Topics: disparity, hiring, Workforce, employment, nursing, Articles, Employment & Residency, healthcare, nurse, nurses, retain, retention

Top 5 Challenges Facing Nursing in 2012

Posted by Pat Magrath

Tue, May 01, 2012 @ 07:39 AM

2010 may have been the year when enormous healthcare changes began, but 2011 was the year these changes hit nursing. In addition, the Institute of Medicine's landmark Future of Nursing report was released at the end of 2010 and much of this year has been spent digesting its recommendations and searching for ways to put them into practice.
2012
Here's a quick rundown of the most pressing issues for Nursing in 2012:

1. Advanced degrees are no longer optional

The IOM's recommendation for 80% of all RNs to have a baccalaureate degree by 2020 has not veered too intensely into the old ADN vs. BSN quagmire. Instead, the profession is focusing on ways to engage nurses in lifelong learning so that associate degree nurses can find realistic ways to obtain BSN degrees.

In addition, BSN nurses are encouraged to be leaders in evidence-based practice and research and it's becoming more common—and crucially, more expected—for nurses to pursue master's degrees. And the creation of the doctor of nursing practice degree has taken off better than anyone could have expected.

In the last six months, any time nurse executives get together, the conversation always turns to who has already entered a program and how long it's going to take the rest of the group to do so.

 
2. Patient engagement gets real

If you haven't found a way to drive home the importance of patient experience to direct-care nurses, find it now. You know how much reimbursement is at stake, but the rank and file caregivers still don't get it. The term "patient experience" has a way of annoying bedside caregivers. '"We're not Disneyworld," is a common refrain; people don't want to be in the hospital. "I'm here to save patients' lives, not entertain them," is another common complaint.  

Experience isn't about mollycoddling patients, however, or how flashy the in-room entertainment system is and that's what you need to help nurses understand. In fact, the nurse-patient relationship has always been about patient experience.
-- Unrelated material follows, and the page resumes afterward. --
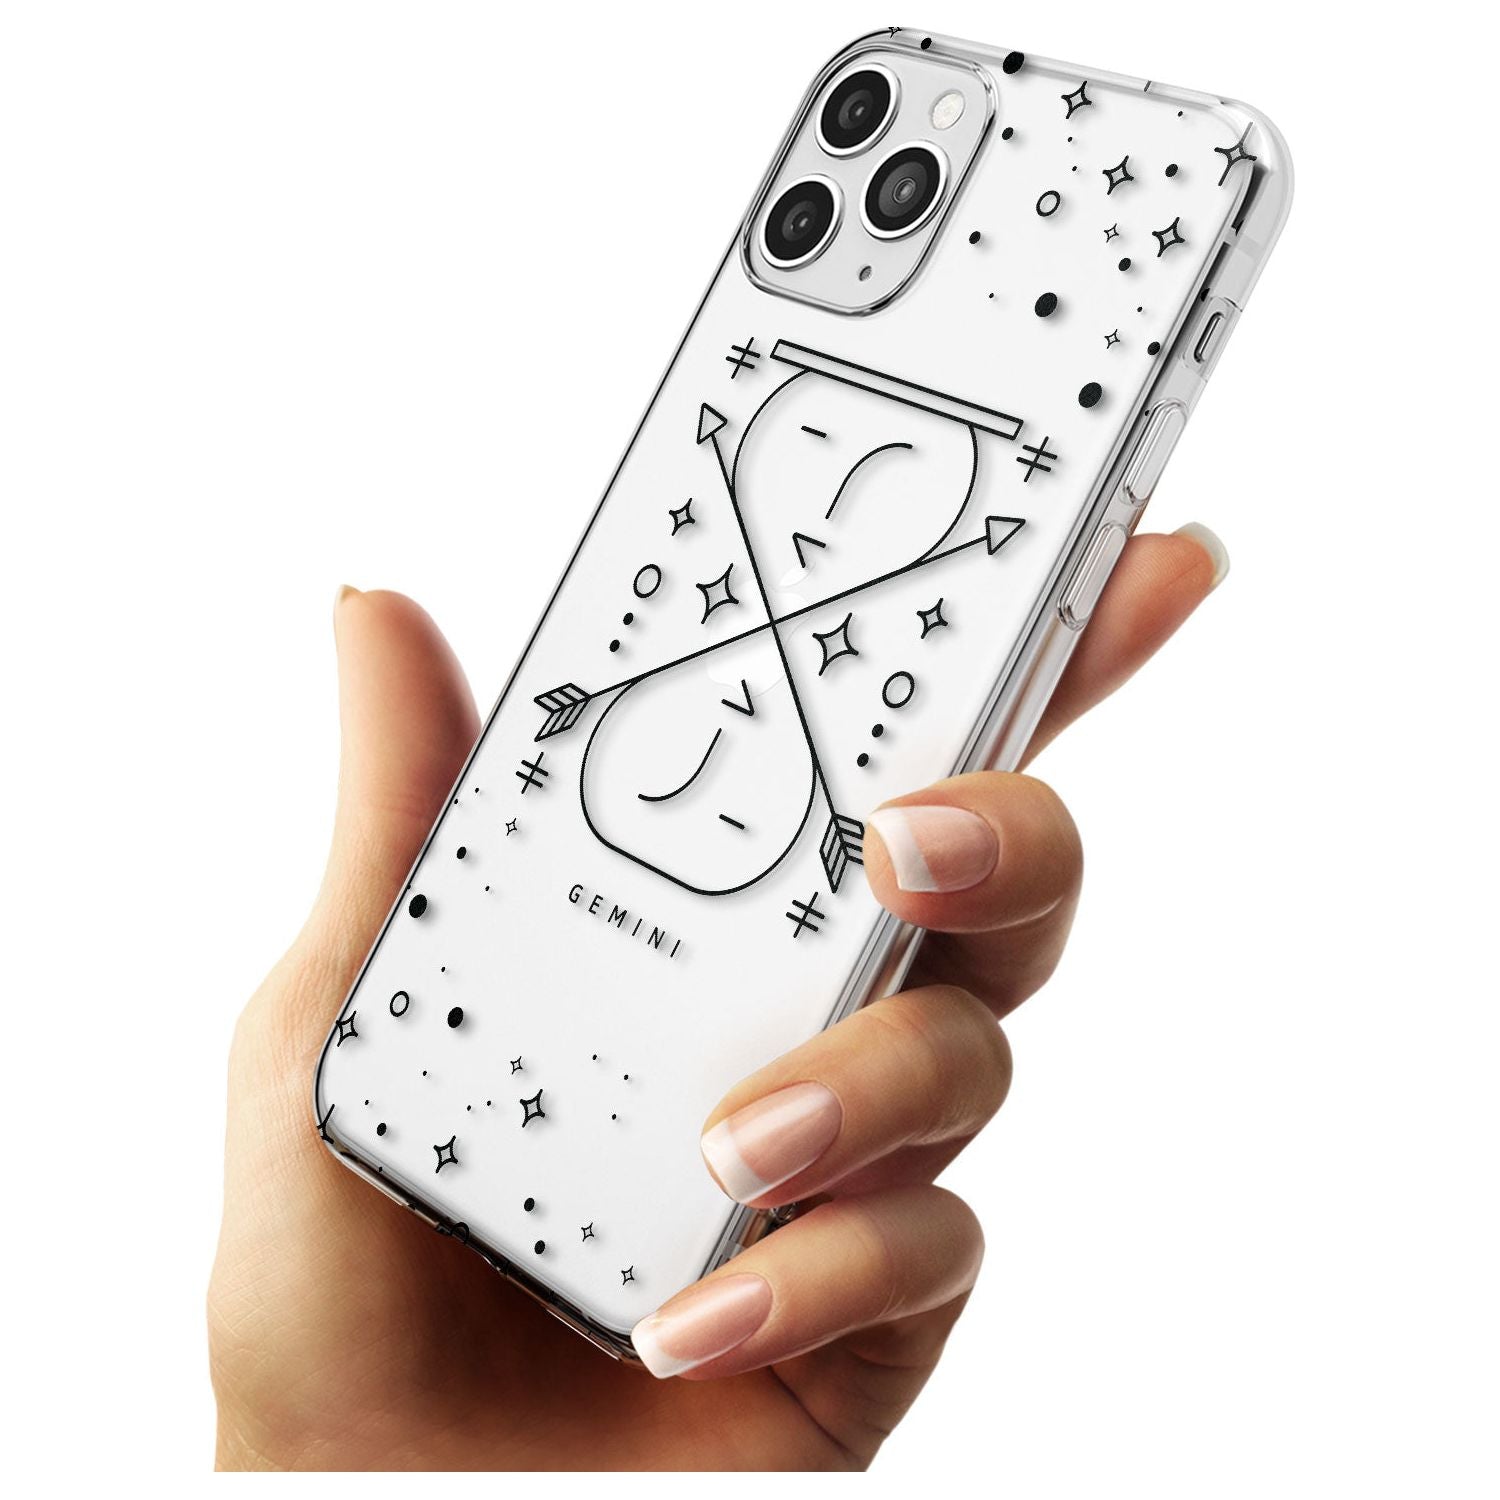 Gemini Emblem - Transparent Design Slim TPU Phone Case for iPhone 11 Pro Max

Your best nurses instinctively know this. They already create a good patient experience. They help patients understand their care, involve families in decision-making, coordinate multidisciplinary care, sit with patients to explain complex diagnoses, and even, occasionally, have time to offer a quick hug or hand to hold. These are the nurses who get letters from patients and families after discharge and these letters are all about the patient experience.

This is how you need to phrase patient experience with nursing staff so they understand it's not just a program, but a way of life. At the same time, nursing needs to own the cause. They may not be responsible for it in isolation, but they are literally at the center of this issue. They should take the lead and drive the agenda.

3. Patient safety

Just as nurses should own patient experience, they need to feel ownership for patient safety as well. It has been written that "quality improvement becomes one more meaningless directive from 'above' unless nurses feel engaged in the process, involved in the plans, and accountable for the results."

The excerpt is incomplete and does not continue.